Basically, given a monthly time series for two variables a and b as follows:

a = array(1:(3*4*12*64),c(3,4,12*64))
a = rast(a)

dates=seq(as.Date("1950-01-01"), as.Date("2013-12-31"), by="month")
terra::time(a)=dates
names(a) <- zoo::as.yearmon(time(a))

b = array(1:(3*4*12*64),c(3,4,12*64))
b = rast(b)

dates=seq(as.Date("1950-01-01"), as.Date("2013-12-31"), by="month")
terra::time(b) <- dates
names(b) <- zoo::as.yearmon(time(b))

Both a and b are time series with a time dimension. Now, I would like to apply the function SPEI::hargreaves to time series of each pixel in a and b and return a SpatRaster C

From the SPEI package , har <- hargreaves(TMIN,TMAX,lat=37.6475). Here, consider Tmin=a, Tmax=b and lat=latitude of each pixel which is the same in a and b. I will parallelize the process once I get an idea how to apply the function to my SpatRasters.
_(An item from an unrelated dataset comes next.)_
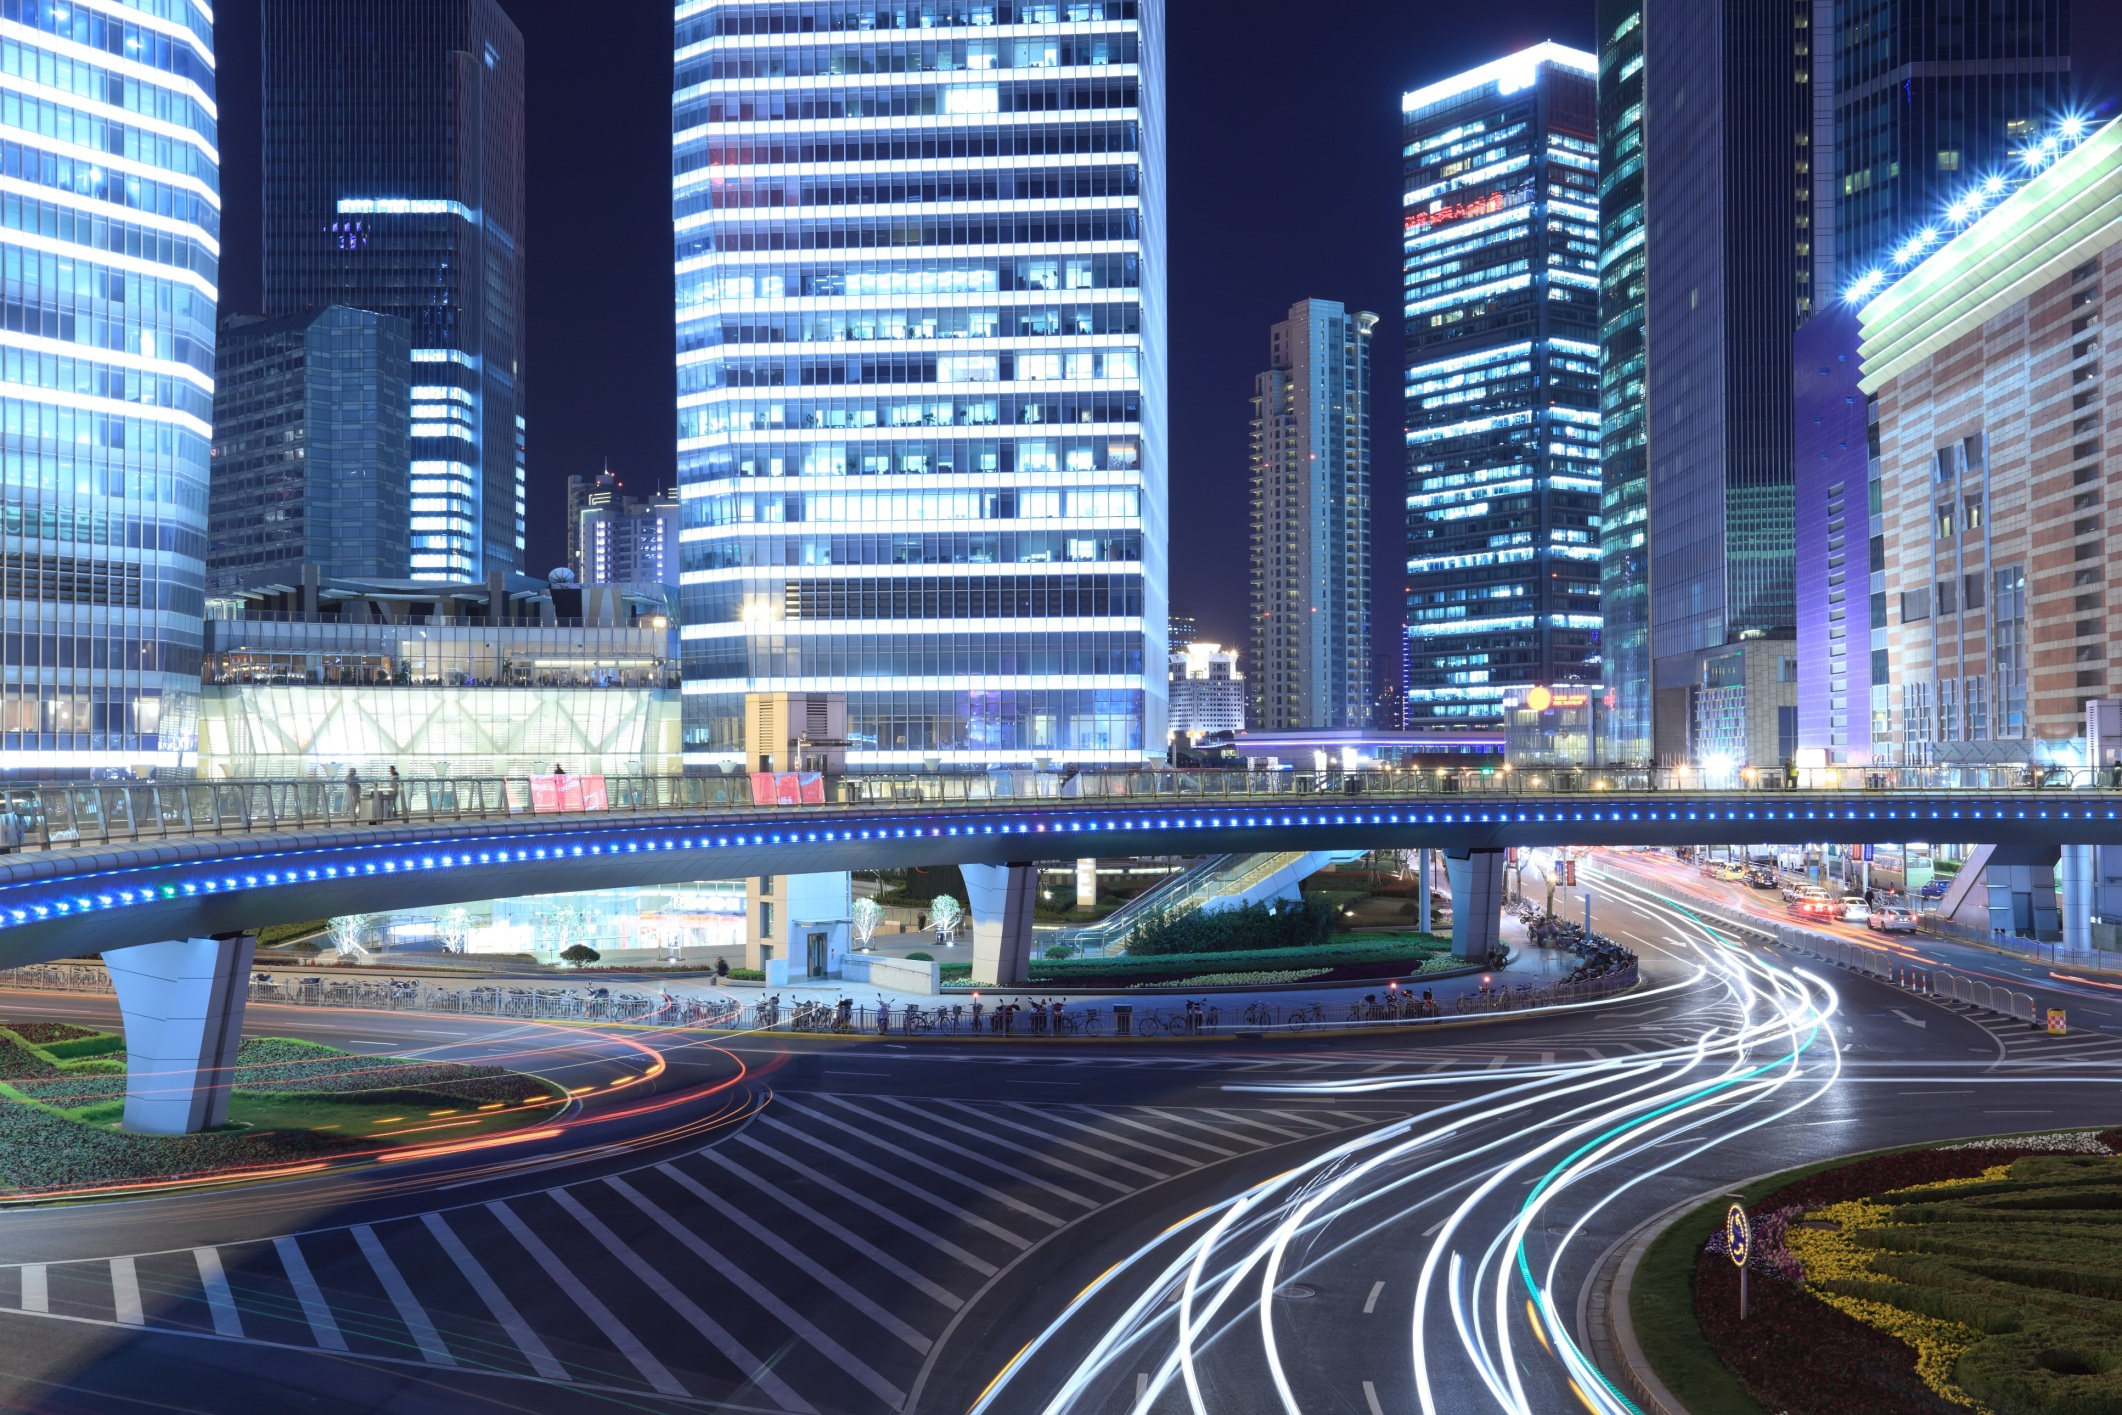 Москва и регионы представят тренды цифровизации городского хозяйства на конференции

At the moment, I am using data.table to collapse my rasterbricks and then applying hargreaves to the table. This approach is very inefficient so far.

Here is what I have so far:

library(SPEI)
library(terra)
library(zoo)

har <- function(a, b, lat) {
  SPEI::hargreaves(as.vector(a), as.vector(b), lat,na.rm = TRUE)
} 

lat <- init(rast(a), "y")
PET1 <- terra::lapp(x=c(a, b, lat), fun = Vectorize(har))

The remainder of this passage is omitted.